Does the word, _Taradiddle, _refer to the person who tells the tale, or to the tall tale, itself?


----------



## Murrmurr (Dec 19, 2021)

Kaila said:


> I haven't heard this word before. It has a fun sound to it!
> 
> Does the word, _Taradiddle, _refer to the person who tells the tale, or to the tall tale, itself?


First time I've heard it too. I think taradiddle refers to the tale - a tall-tale. Like falderol and horsefeathers.


----------



## Kaila (Dec 19, 2021)

Well, falderol and horsefeathers! That's quite a taradiddle, if I ever did hear one!  

Though, it might be correct, to say that I might have known a taradiddle or two, back in my school days.


----------



## Kaila (Dec 19, 2021)

Ruthanne said:


> Usually the fisherman is lying or at least exaggerating about the fish, especially if he (or she) didn’t keep the fish.

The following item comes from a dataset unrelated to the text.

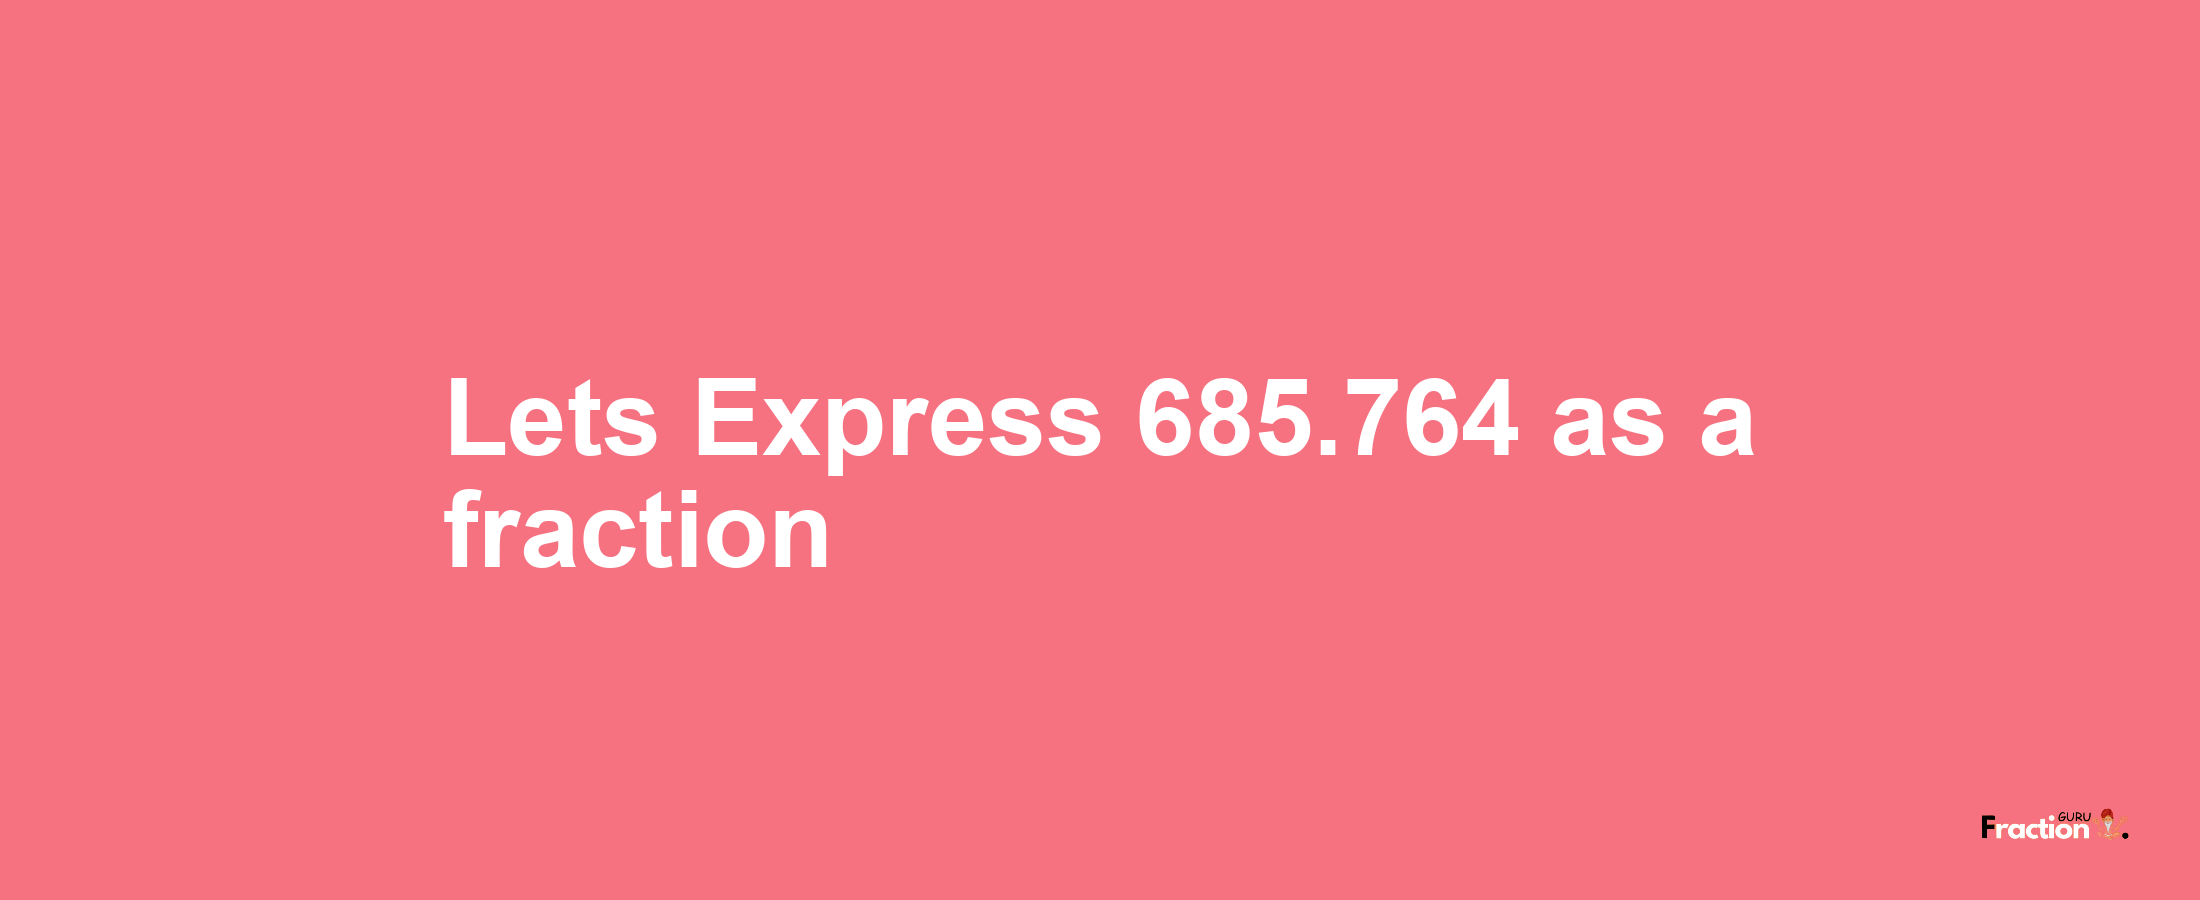 Lets Express 685.764 as afraction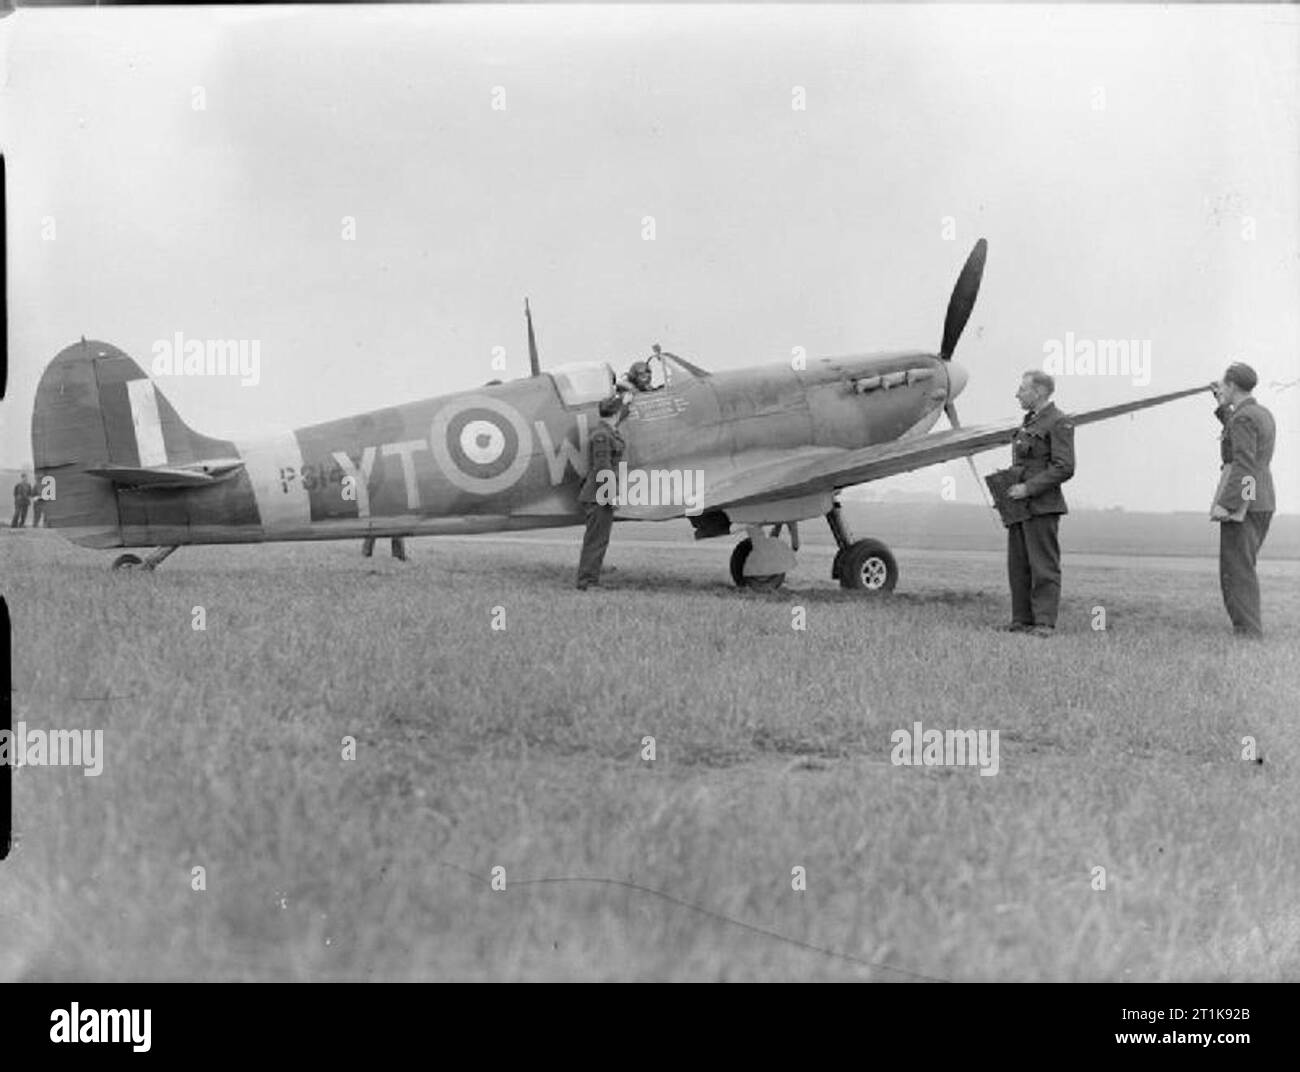 Royal Air Force Fighter Command, 1939-1945. Supermarine Spitfire Mark IIA, P8147 'YT-W' 'City of Norwich', of No. 65 Squadron RAF, attended by groundcrew prior to starting up at Kirton-in-Lindsey, Lincolnshire. After 65 Squadron, P8147 served with a number of units prior to being struck off charge in 1944; these included Nos. 306, 308 and 350 Squadrons, No. 52 Operational Training Unit, No. 5 (Pilots) Advanced Flying Unit, No. 57 Operational Training Unit and finally the Central Gunnery School. Stock Photo

Ruthanne, I am sure if you asked the teller of the _taradiddle,
*why* he or she, did not keep the fish, _they could certainly tell a whopper of a reason!


----------



## Murrmurr (Dec 19, 2021)

Kaila said:


> Ruthanne, I am sure if you asked the teller of the _taradiddle,
> *why* he or she, did not keep the fish, _they could certainly tell a whopper of a reason!


Yeah, you'd just be asking for more taradiddle. Taradiddle on taradiddle sprinkled in horsefeathers and topped with a big fat falderol.


----------



## RnR (Dec 20, 2021)

Wonderful word and suits our current Australian Prime Minister perfectly.


----------



## Ruthanne (Dec 20, 2021)

Kaila said:


> I haven't heard this word before. It has a fun sound to it!
> 
> Does the word, _Taradiddle, _refer to the person who tells the tale, or to the tall tale, itself?


Someone or something so I think either one.


----------